GOAL OF THE EXERCISE — From the listing that follows, output everything exactly except the pictures.

INPUT DATA —
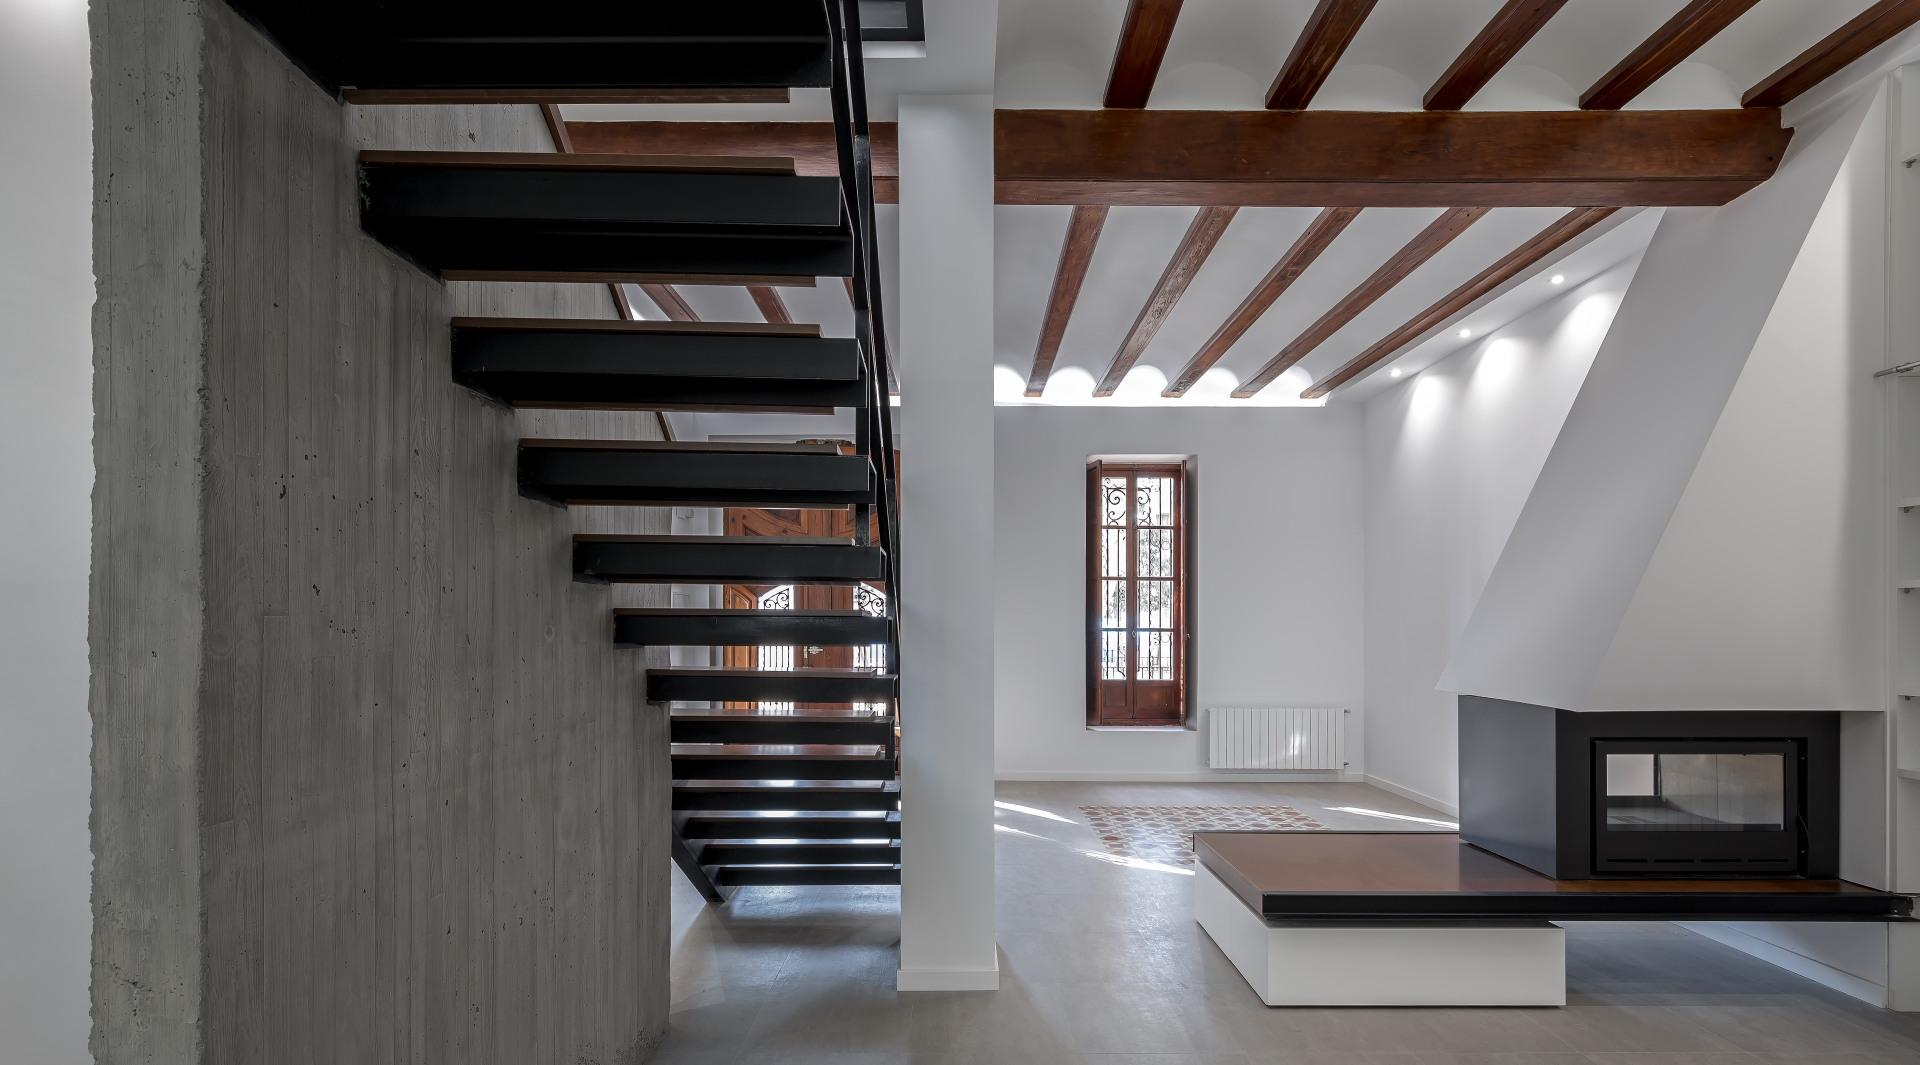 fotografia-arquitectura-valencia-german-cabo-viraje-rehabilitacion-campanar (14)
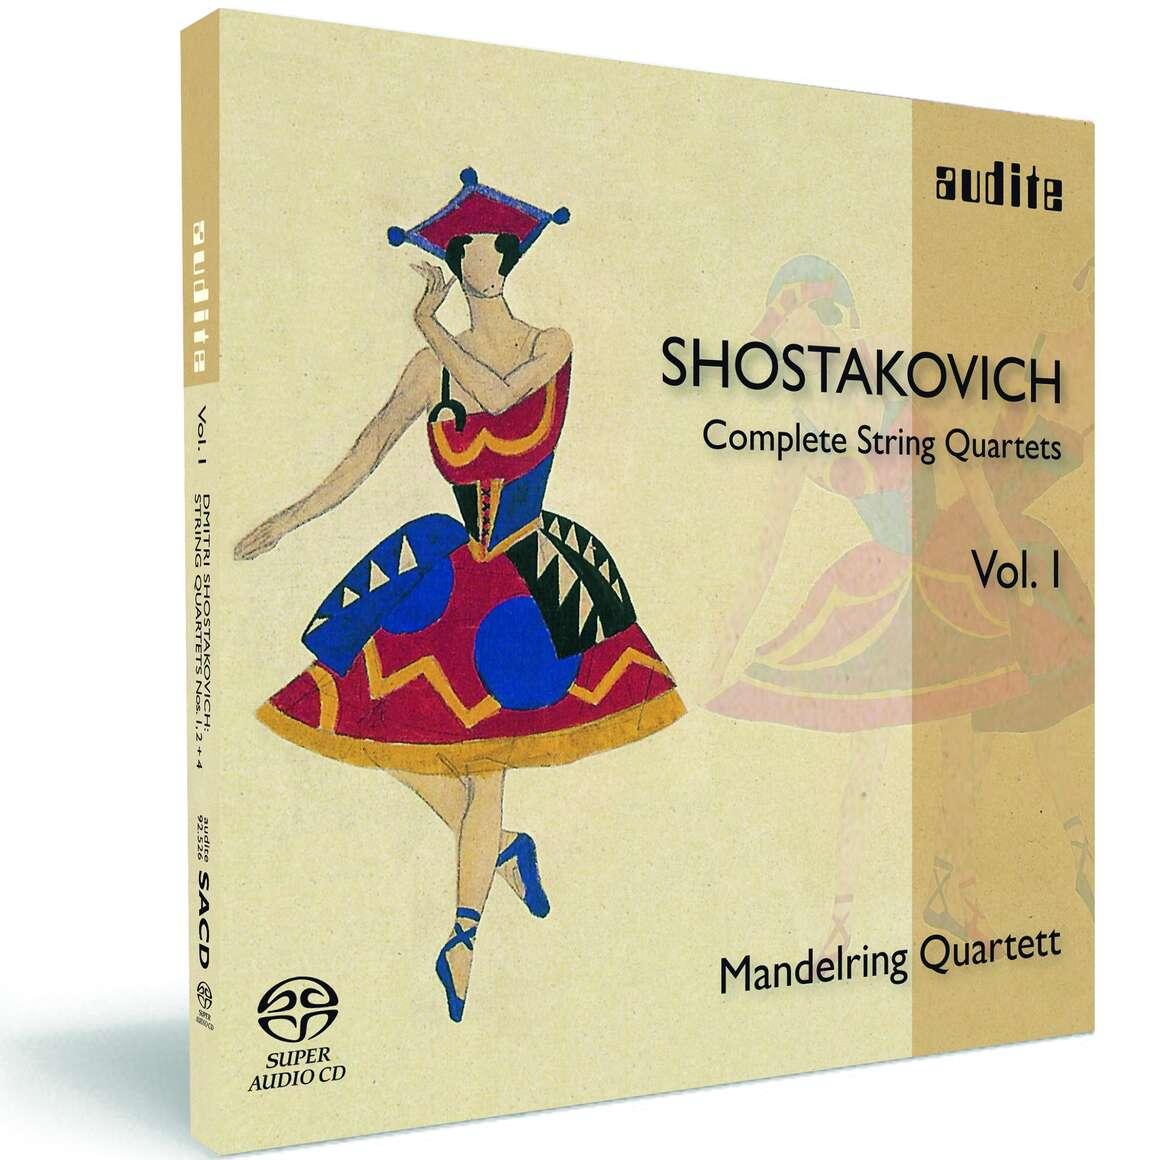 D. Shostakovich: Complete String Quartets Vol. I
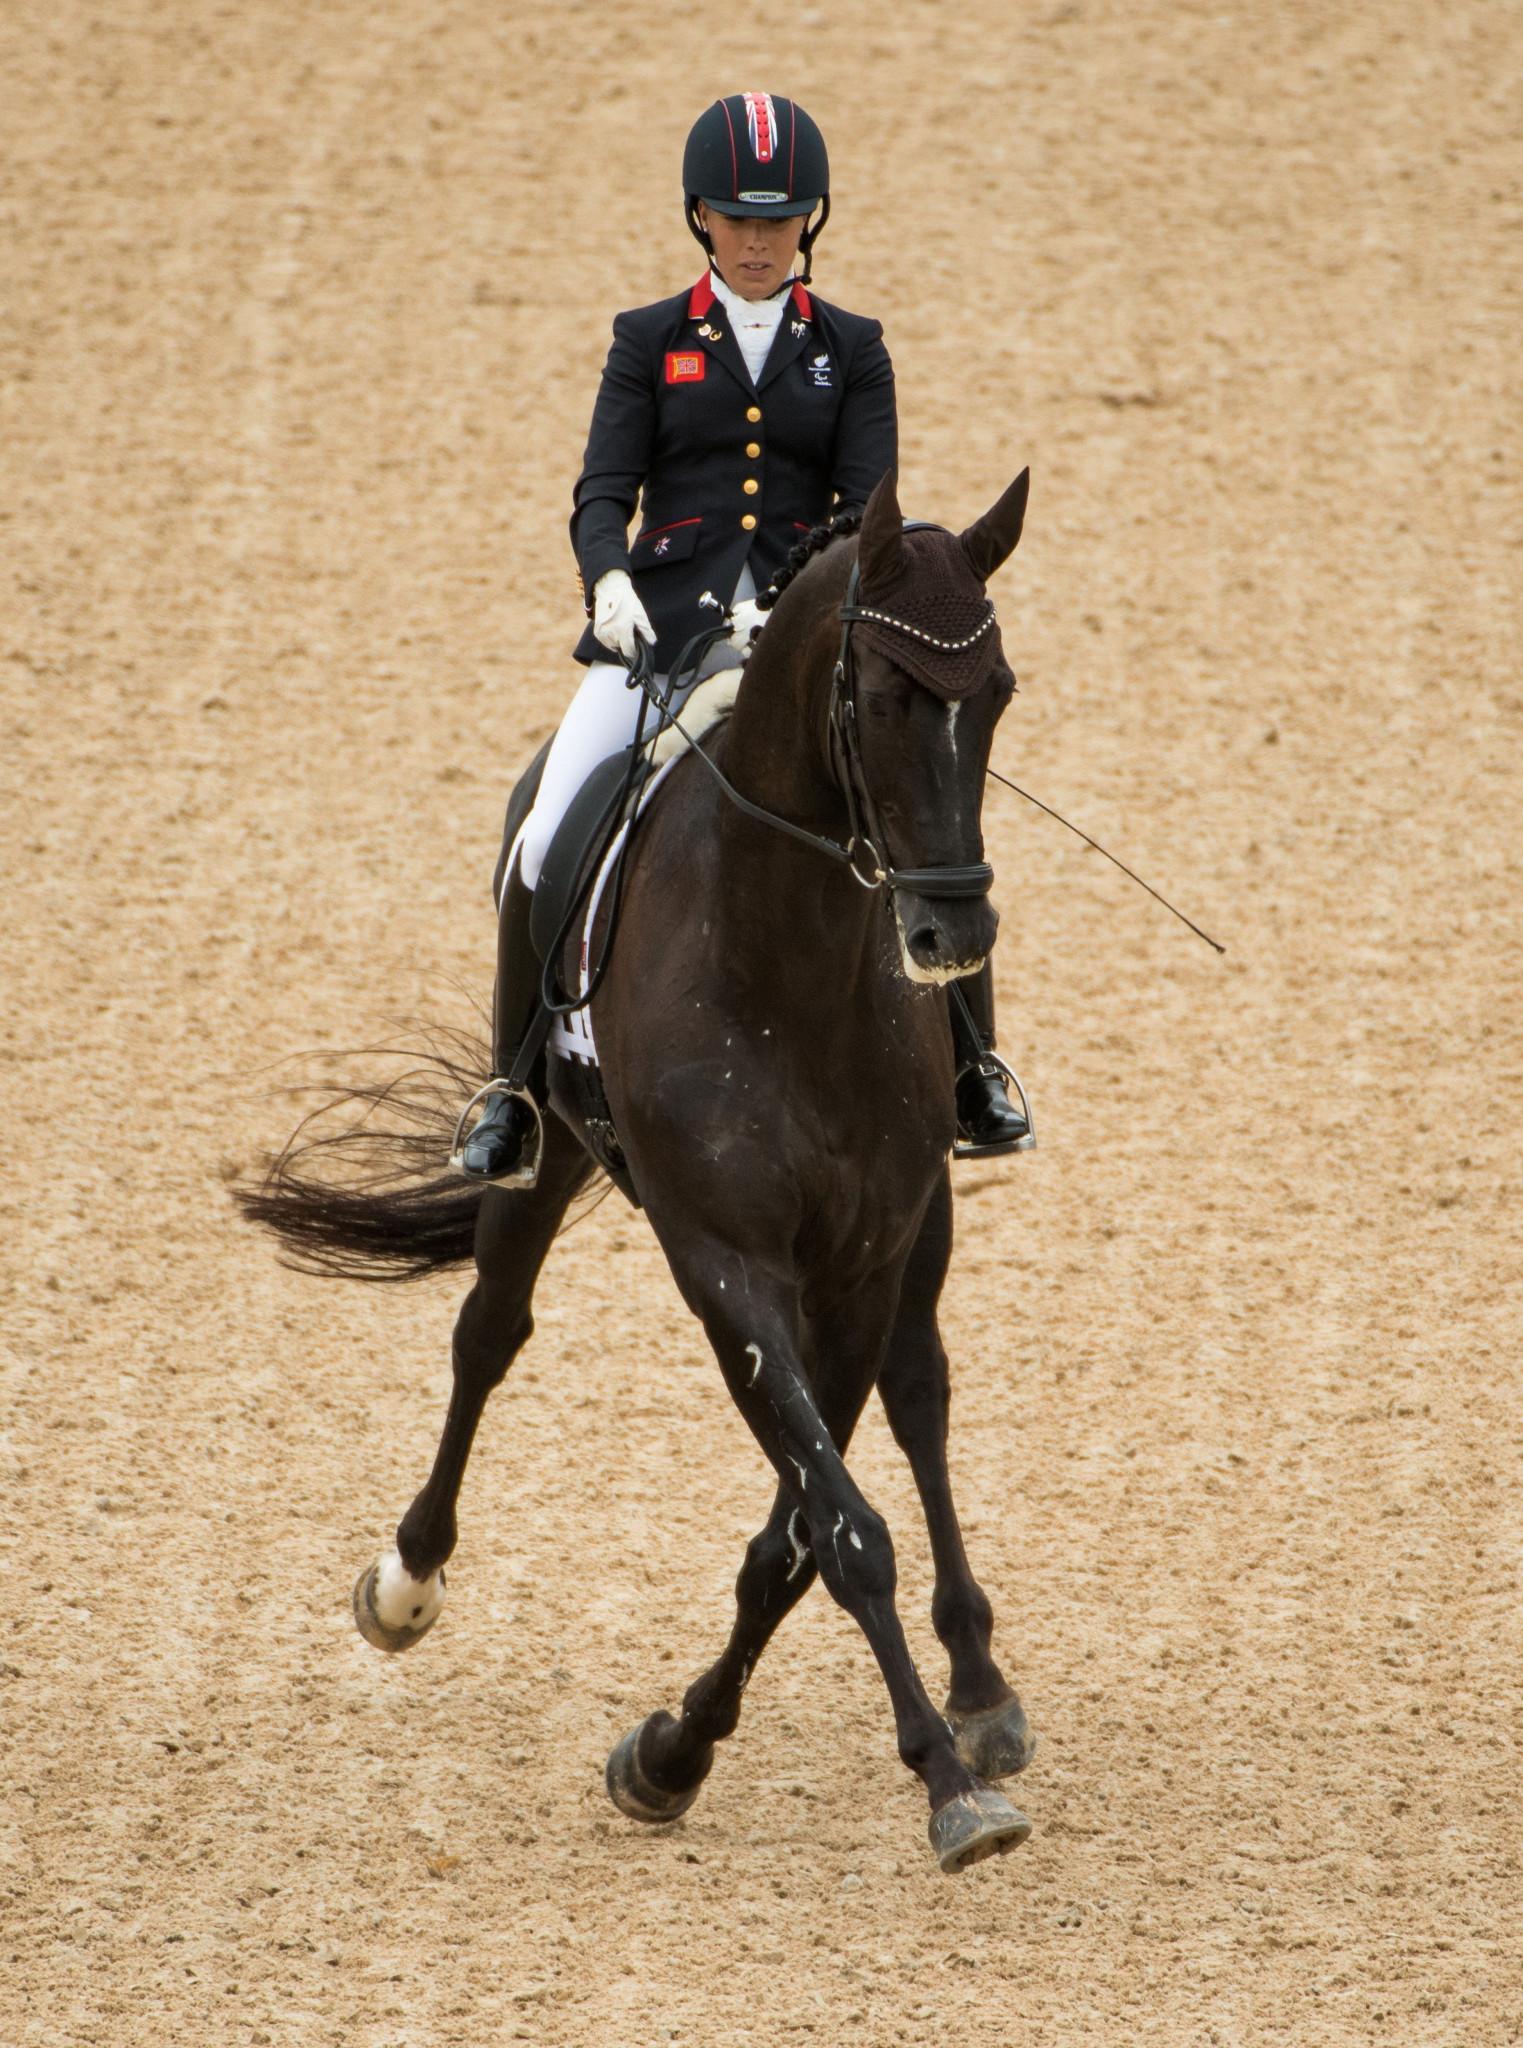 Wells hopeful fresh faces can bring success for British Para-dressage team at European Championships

REPLY —
 fotografia-arquitectura-valencia-german-cabo-viraje-rehabilitacion-campanar (14)
 D. Shostakovich: Complete String Quartets Vol. I
 Wells hopeful fresh faces can bring success for British Para-dressage team at European Championships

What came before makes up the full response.